Use the algebraic method to prove the following set equality: $A∪B-B=A-B$

I've done this part already and use the result of said proof to formulate the start of the next proof.

Let $A$ and $B$ be two sets. Prove that $(A\cup B)-B=A$ iff $A$ and $B$ are disjoint.

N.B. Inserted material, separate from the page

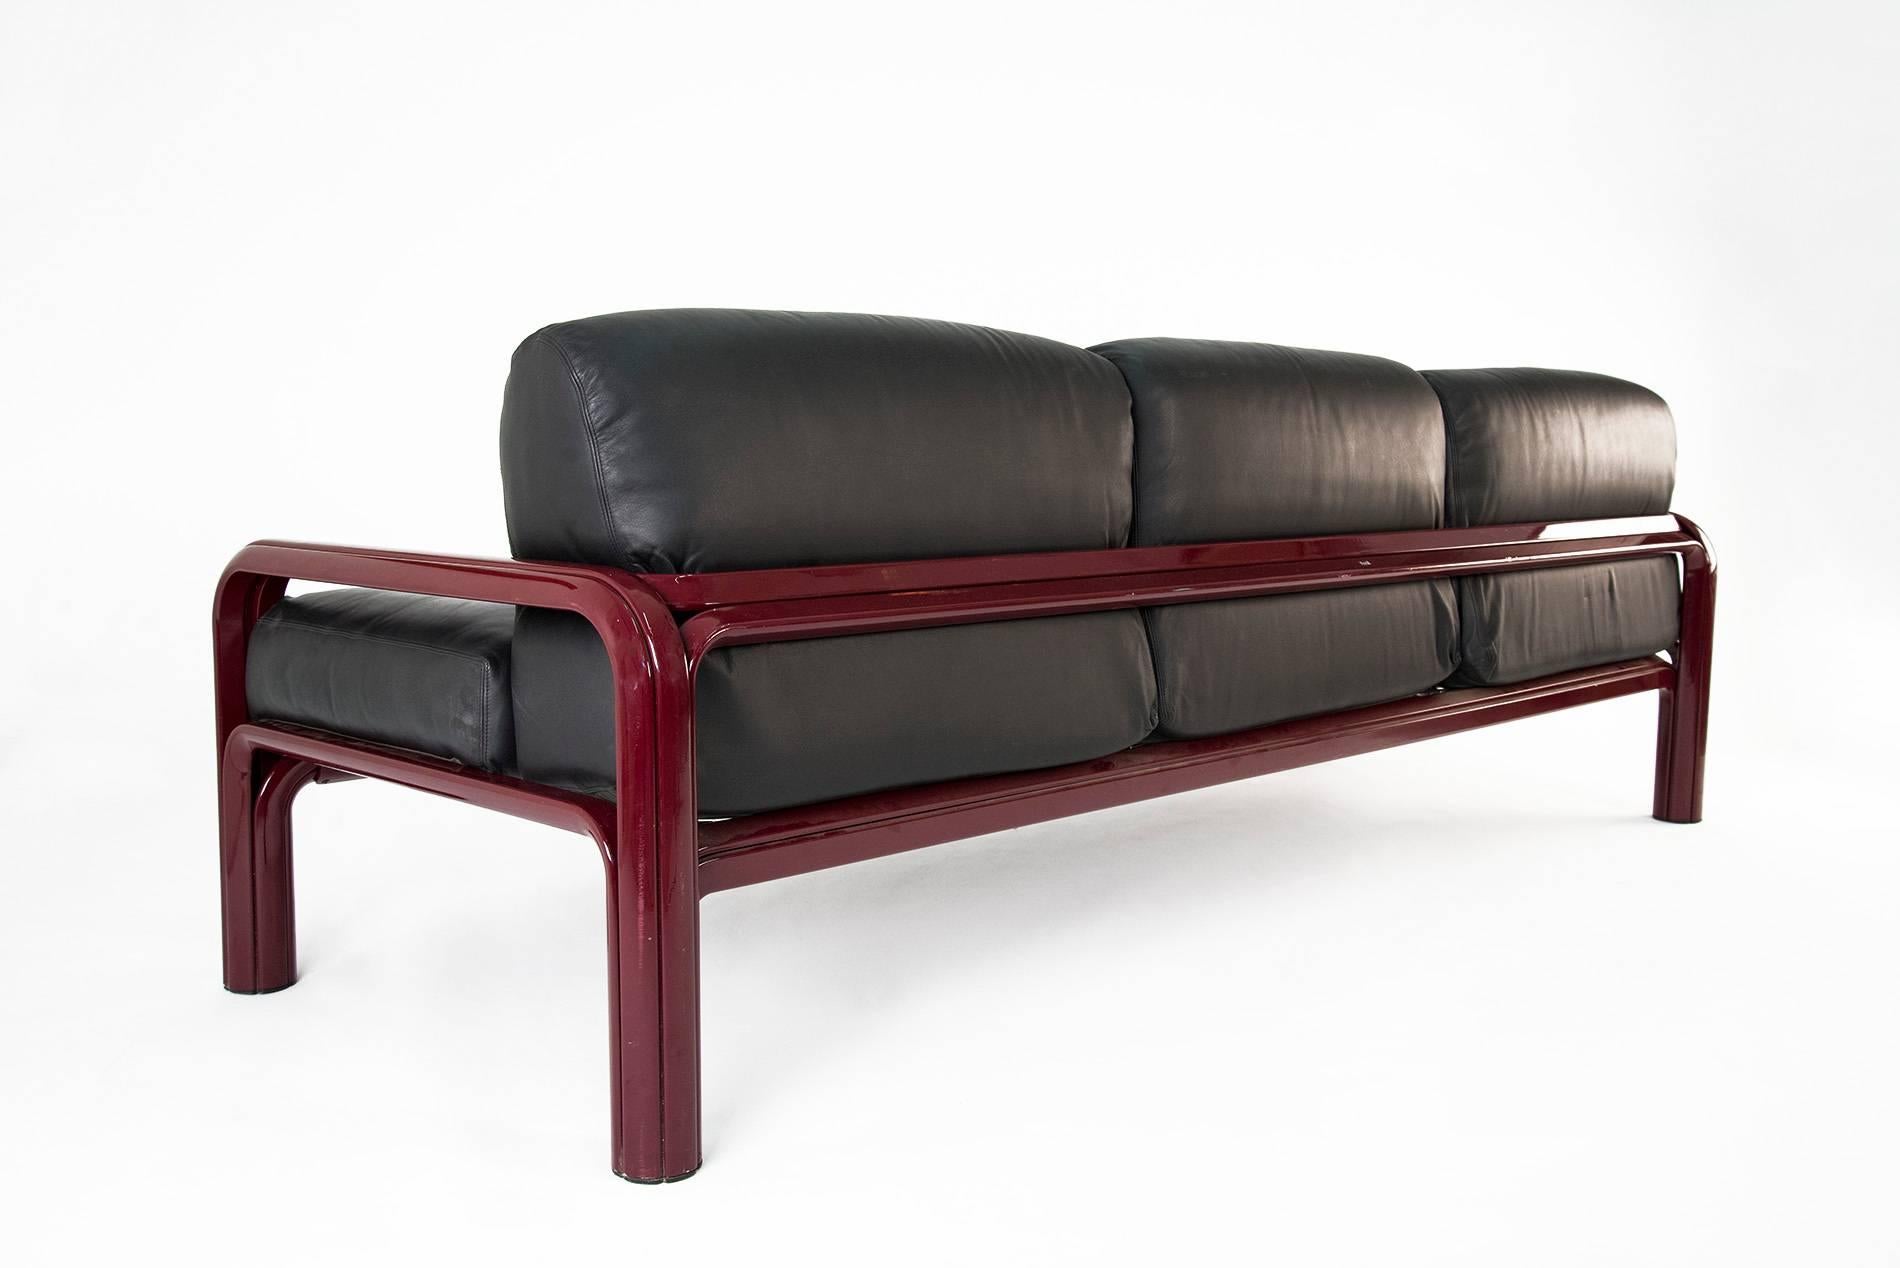 Three-seat sofa designed by Gae Aulenti for Knoll in 1976. Bordeaux lacquered extruded steel structure with black leather upholstery. Manufacturer's mark on the back. Good original vintage conditions.
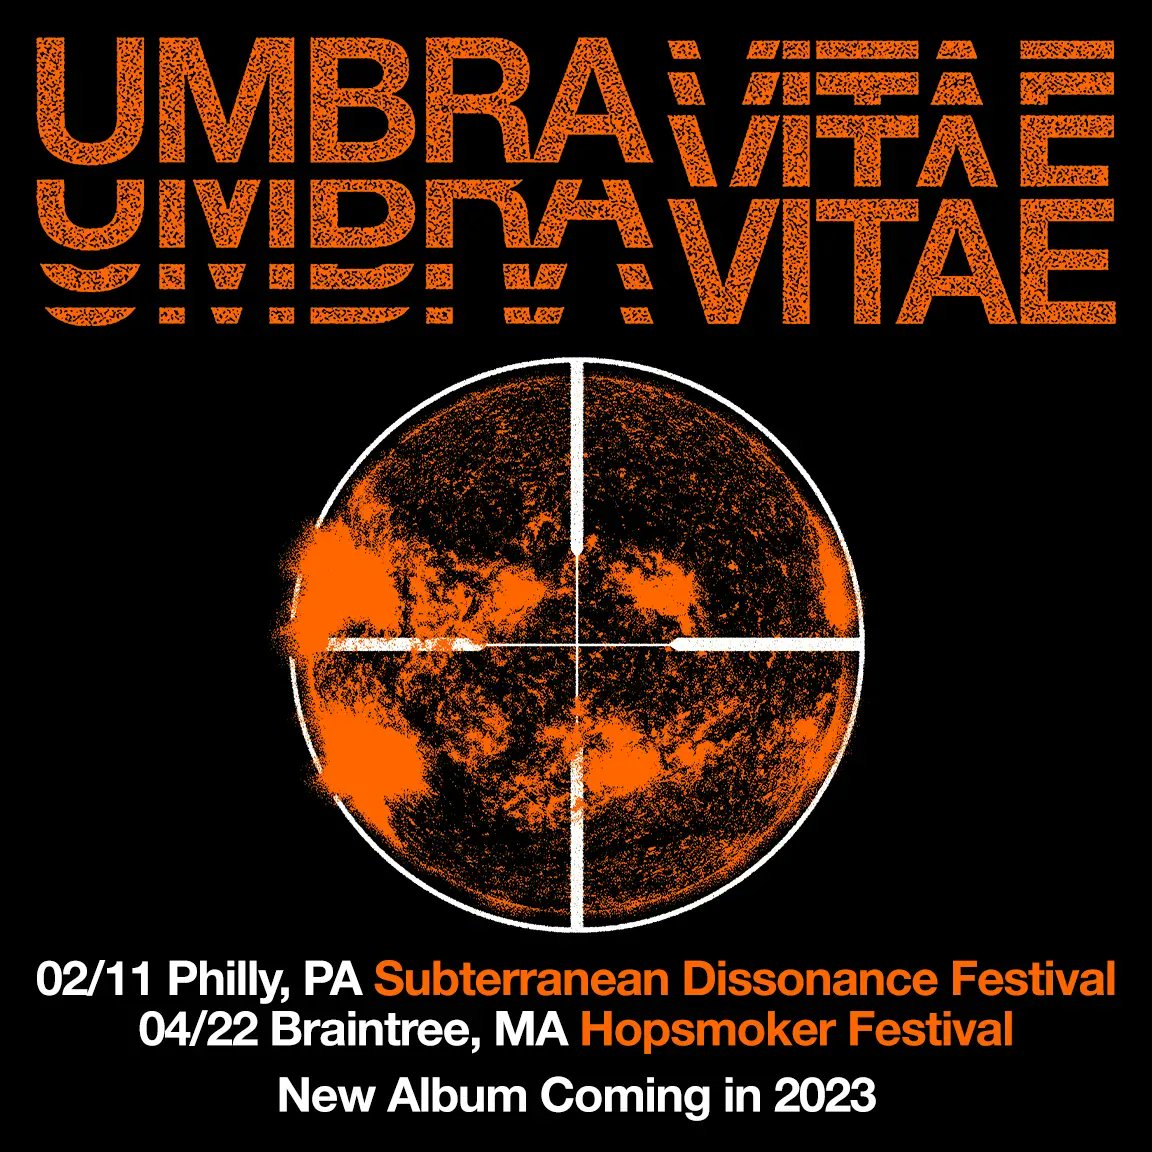 UMBRA VITAE Upcoming Shows (Converge, The Red Chord, Uncle Acid, Wear Your Wounds, ex-Hatebreed members) 02/11: Philly, PA at Subterranean Dissonance Festival 04/22: Braintree, MA at Widowmaker Brewing (Hopsmoker Fest) Merch & Music: dthw.sh/umbravitae

Based on the previous proof:

$Let:(A∪B)-B=A-B=A$

$1)\ A-B=A\cap\bar B\text{; by Set Difference}$

$2)\ A\cap\bar B=A\cap(\bar B\cup\emptyset) \text{; by Identity}$

$3)\ A\cap(\bar B\cup\emptyset)=A\cup\overline{(B\cap\bar\emptyset)}\text{; by DeMorgan’s Law}$

$4)\ A\cup\overline{(B\cap\bar\emptyset)}=A\cup\overline{(B\cap U)}\text{; by 0/1 Law}$

$5)\ A\cup\overline{(B\cap U)}=A\cup\bar B\text{; by Identity}$

$6)\text{ Then, } A\cap\bar B=A\cup\bar B=A,\text{ which can only be true if }\bar B=A\text{; by Repetition Law}$

$7)\ \bar B=A\text{ implies }B\subseteq\bar A \therefore A\text{ and }B\text{ must be disjoint.}$

I'm wondering if this proof is acceptable (especially the conclusion I draw from points 6 and 7) or if I'm missing out on something (first time taking a course that wants rigorous proofs). Thanks!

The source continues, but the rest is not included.